Despite the analyst concerns, Novo Nordisk reported strong financial results for the fourth quarter of 2025. The company’s total revenue reached 45.32 billion Danish kroner, exceeding estimates of 41.57 billion kroner. The obesity care segment experienced a 31% growth, generating 82.3 billion Danish kroner in revenue.

However, Novo Nordisk’s management has issued a cautious outlook for 2026, projecting a decline in organic sales growth of between 5% and 13% due to pricing pressures and increased competition. A recent study suggests that generic semaglutide could be available for less than $3 per month, posing a long-term threat to the company’s core products.

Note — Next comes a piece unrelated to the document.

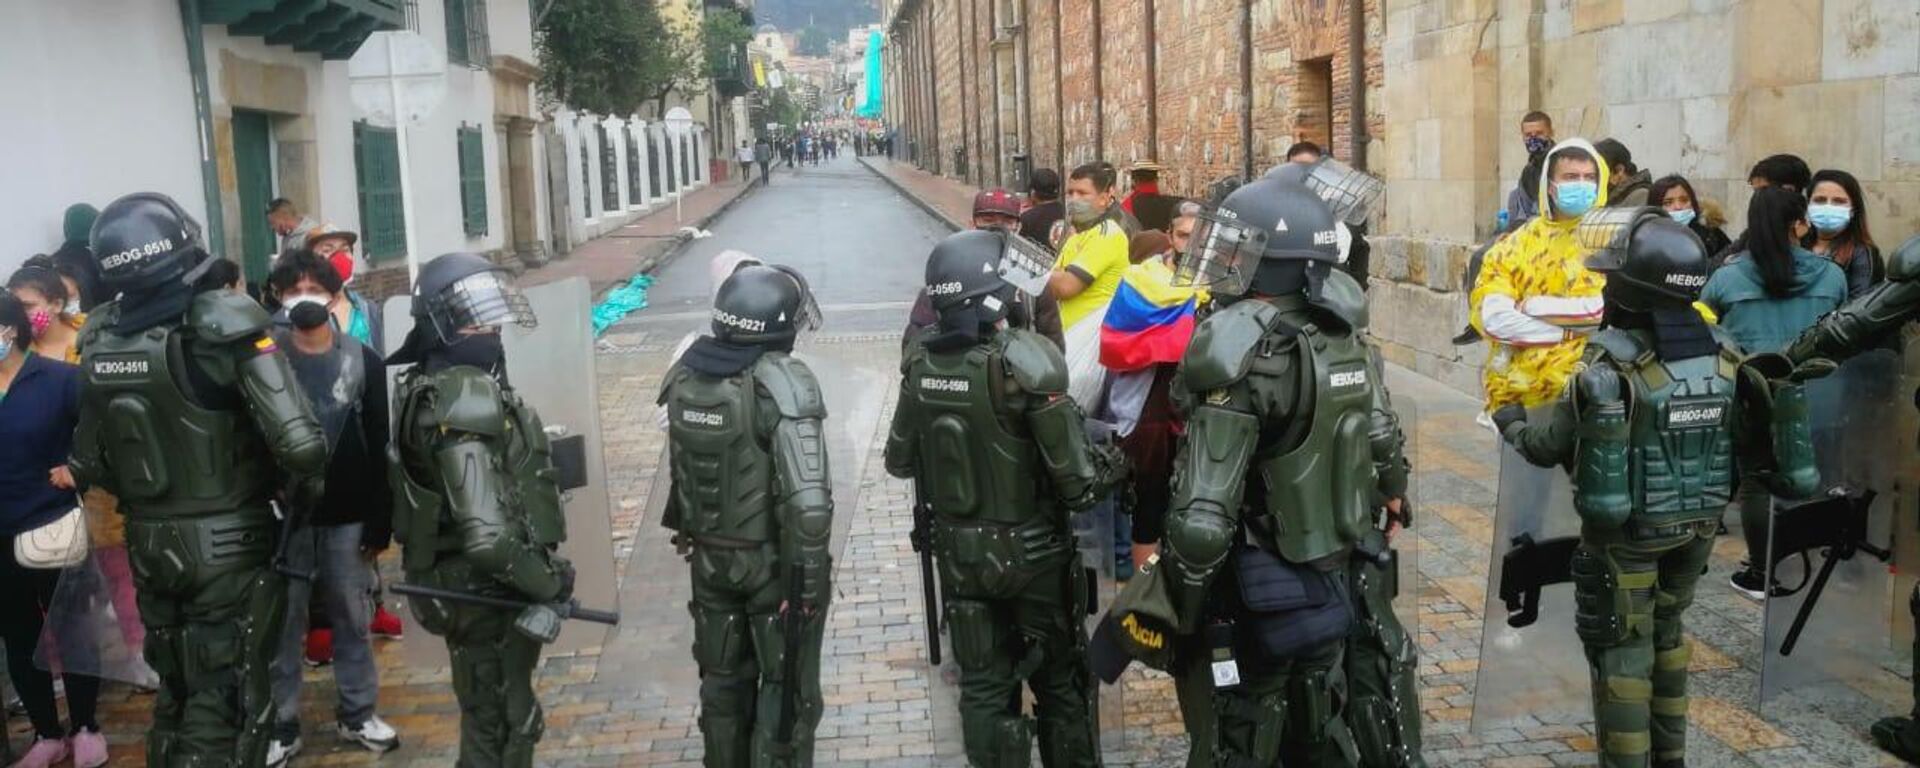 La Policía colombiana durante una jornada de protestas (archivo) - Sputnik Mundo, 1920, 26.11.2021

Novo Nordisk’s annual general meeting is scheduled for March 26, where shareholders will vote on the continuation of the company’s share repurchase program. Later in the year, the FDA’s decision on CagriSema will be a critical event for evaluating the company’s pipeline and future prospects.

Novo Nordisk logo.

Key Takeaways

  • Strategic Partnership: Novo Nordisk has resolved its patent dispute with Hims & Hers through a collaboration to distribute FDA-approved Ozempic and Wegovy.
  • Analyst Downgrades: Several financial firms have downgraded Novo Nordisk’s stock rating, citing concerns about competition and patent expiration.
  • CagriSema Uncertainty: The performance of CagriSema, Novo Nordisk’s potential successor to Wegovy, remains a key factor in the company’s future.
  • Mixed Financial Outlook: Whereas Q4 2025 results were strong, the company anticipates a decline in sales growth for 2026.

The coming months will be pivotal for Novo Nordisk as it navigates a challenging market landscape. The FDA’s decision on CagriSema and the company’s ability to address competitive pressures will be crucial in determining its long-term success. Investors and industry observers will be closely watching these developments as Novo Nordisk strives to maintain its position as a leader in the global obesity and diabetes care market. The next major checkpoint for investors will be the FDA decision regarding CagriSema later in 2026.